* **About this exercise**:
A word-for-word reproduction of the data below is needed, with no pictures in it.

(Data section Opens)

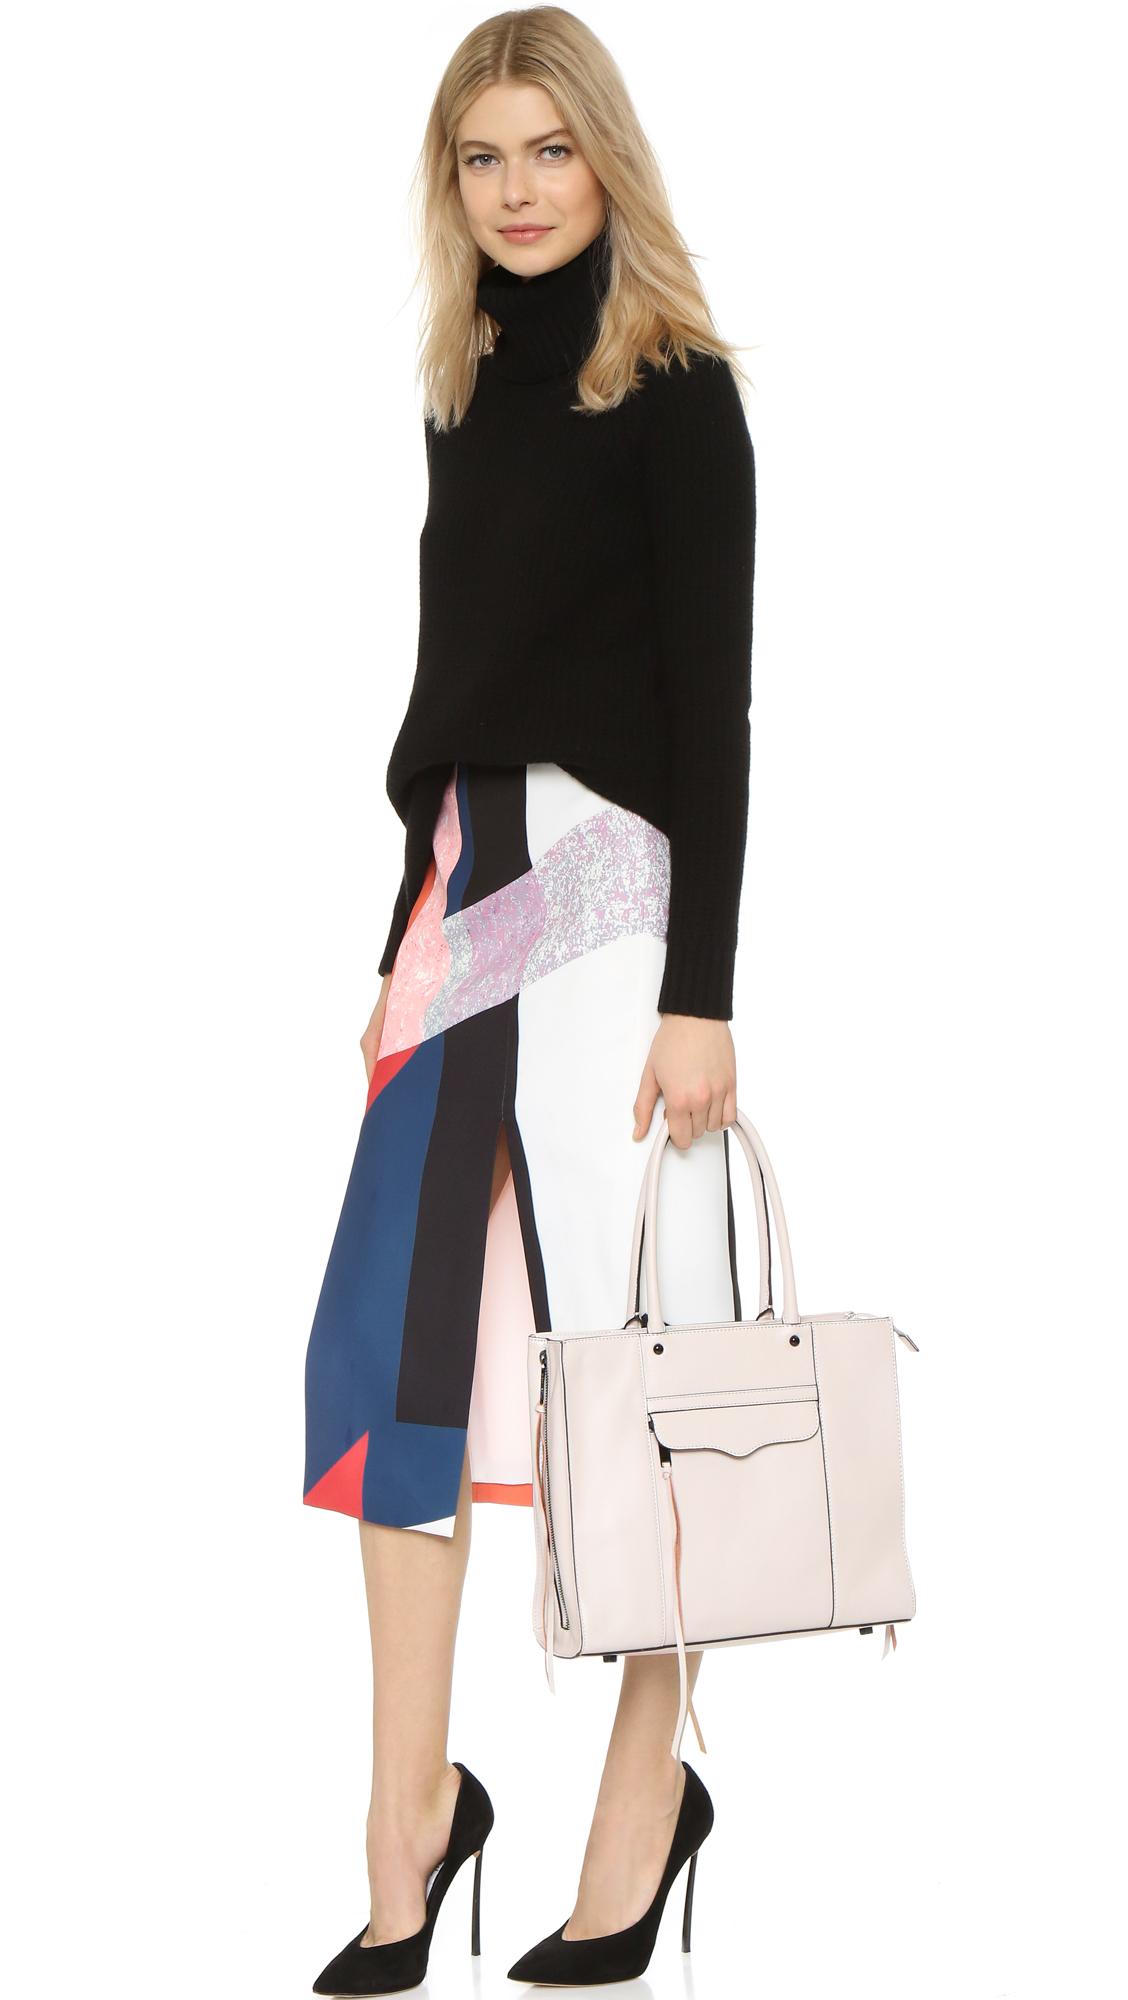 Rebecca Minkoff Size Zip Medium Mab Tote Putty In Gray
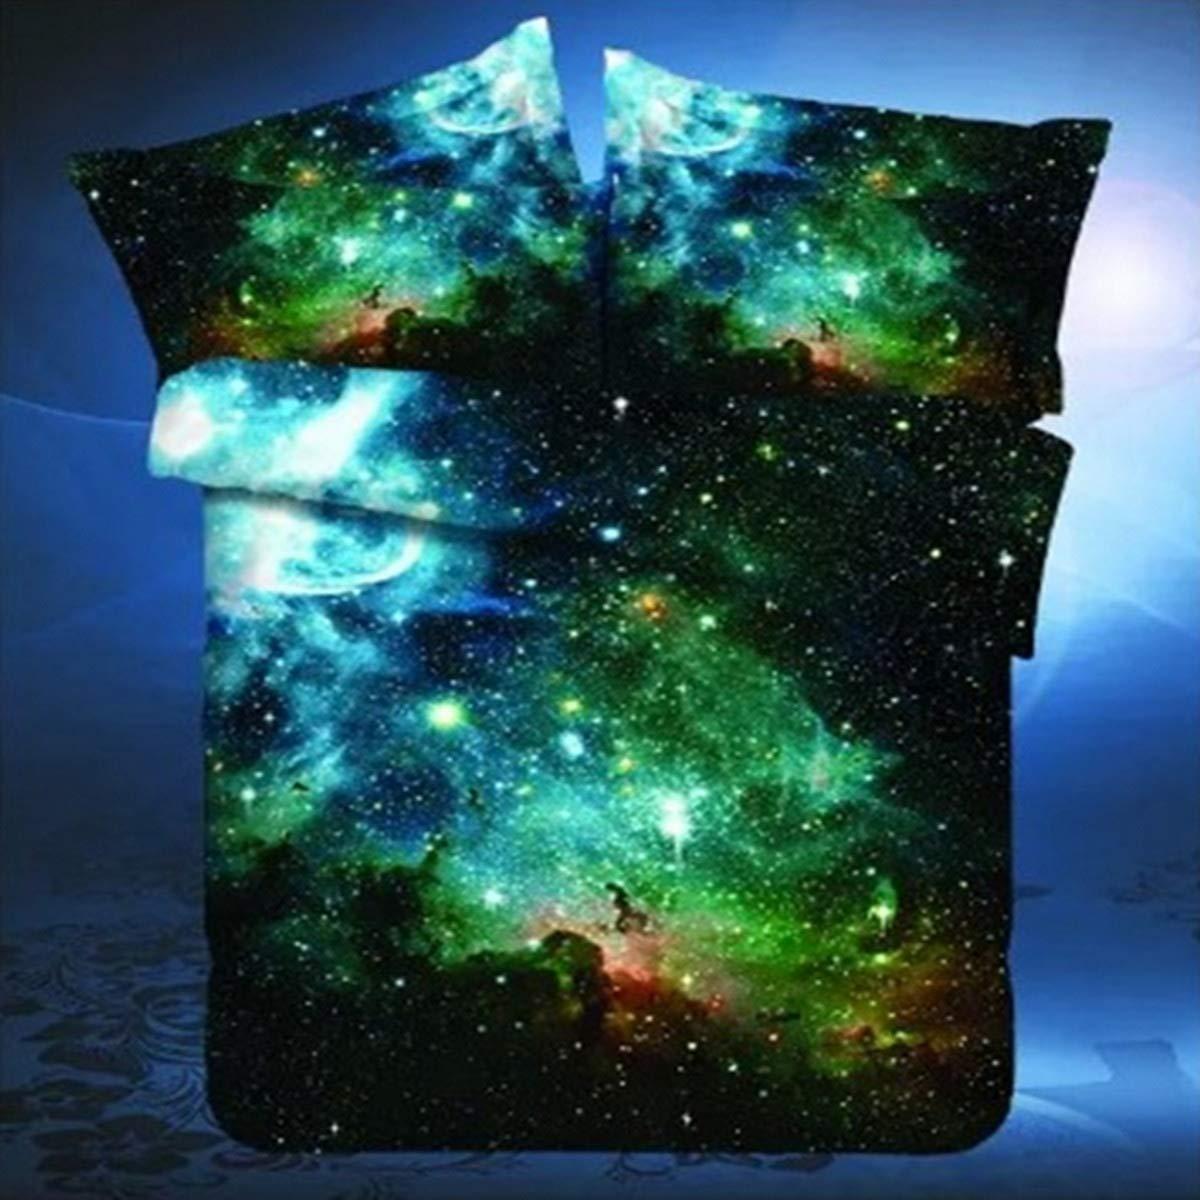 Galaxy Bedding セットClose to Galaxy Realize Your Dream イージー掛け布団カバー/枕カバー クイーンサイズ B07JWBKW2S
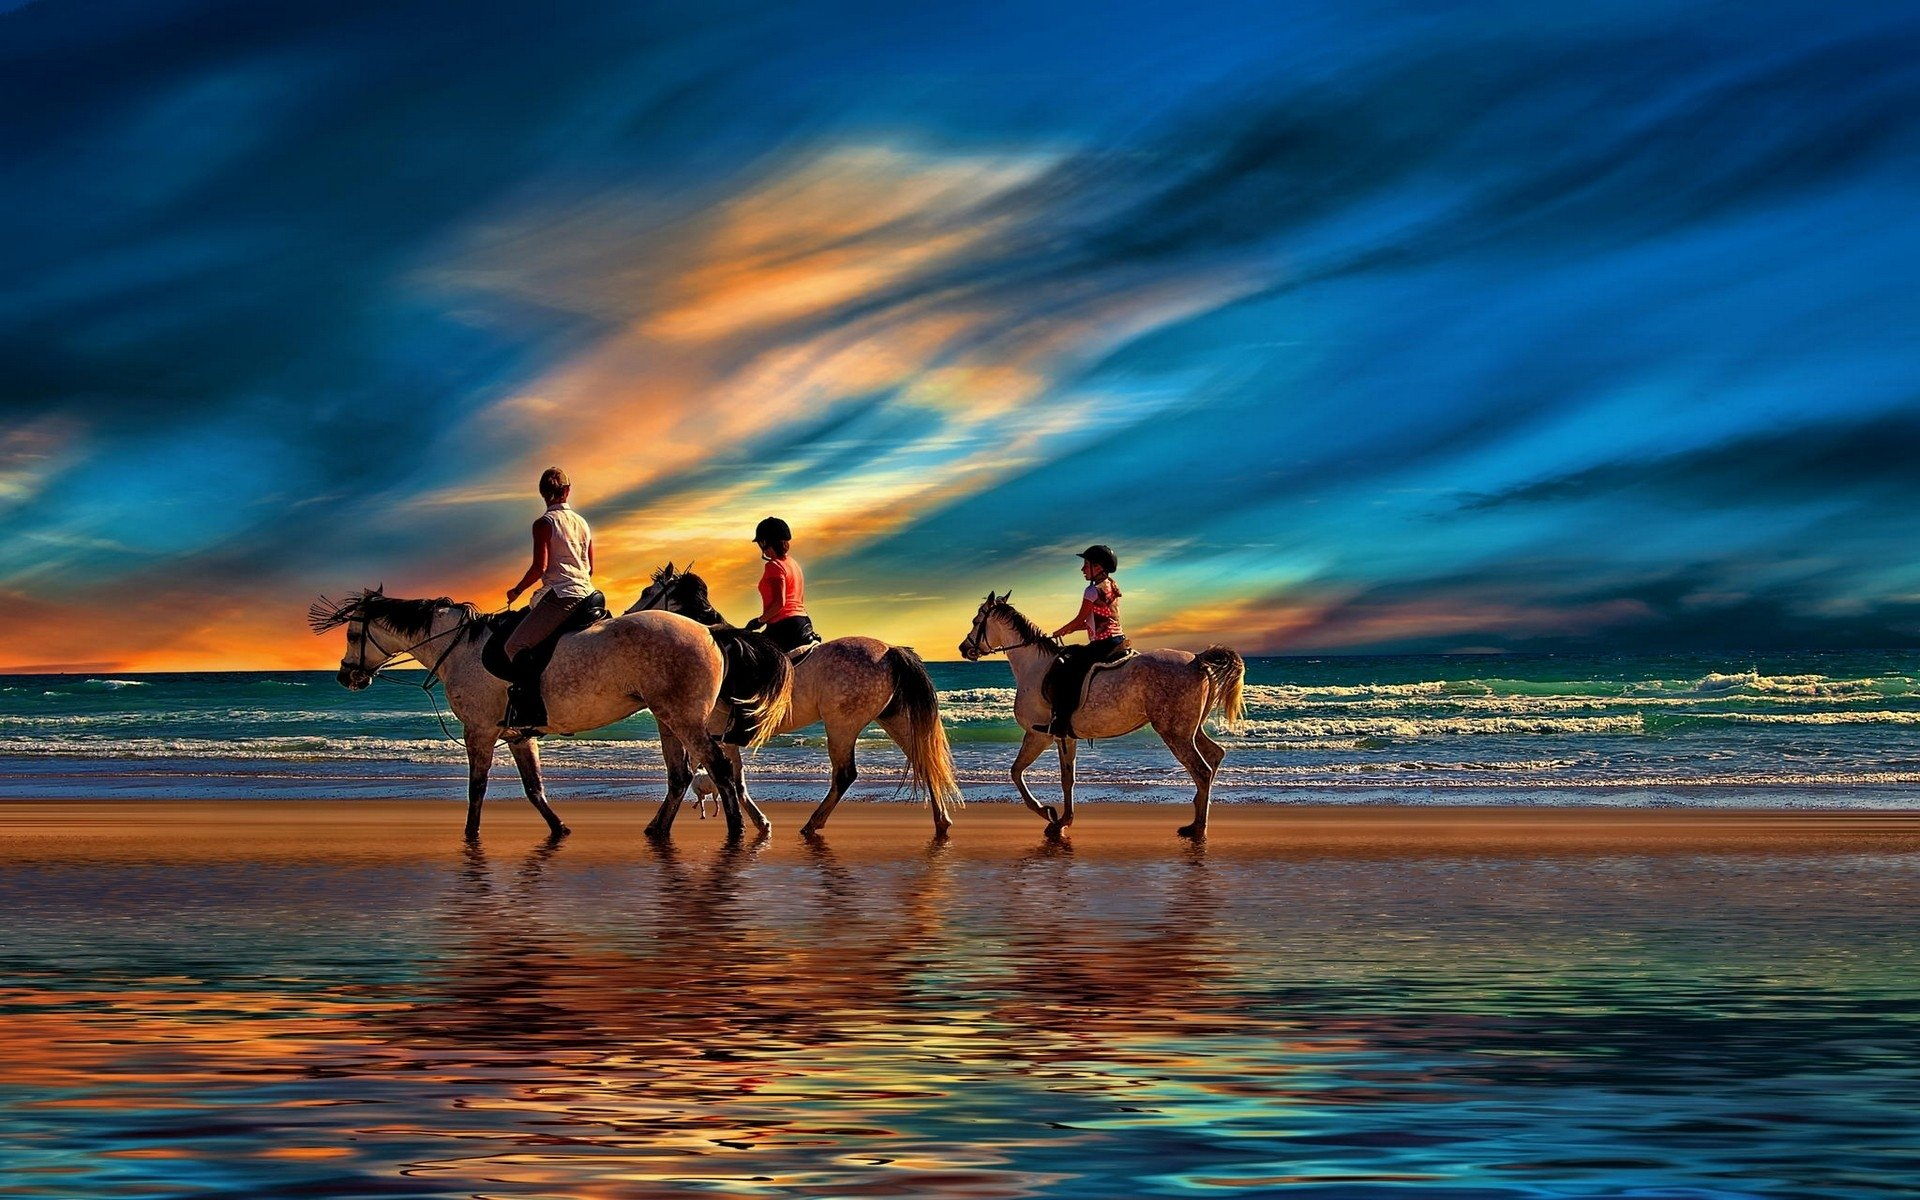 Riding on the Beach   Horseback Riding Wallpaper 42657153 1920x1200

(Data section Closes)

* **Exercise result**:
 Rebecca Minkoff Size Zip Medium Mab Tote Putty In Gray
 Galaxy Bedding セットClose to Galaxy Realize Your Dream イージー掛け布団カバー/枕カバー クイーンサイズ B07JWBKW2S
 Riding on the Beach   Horseback Riding Wallpaper 42657153 1920x1200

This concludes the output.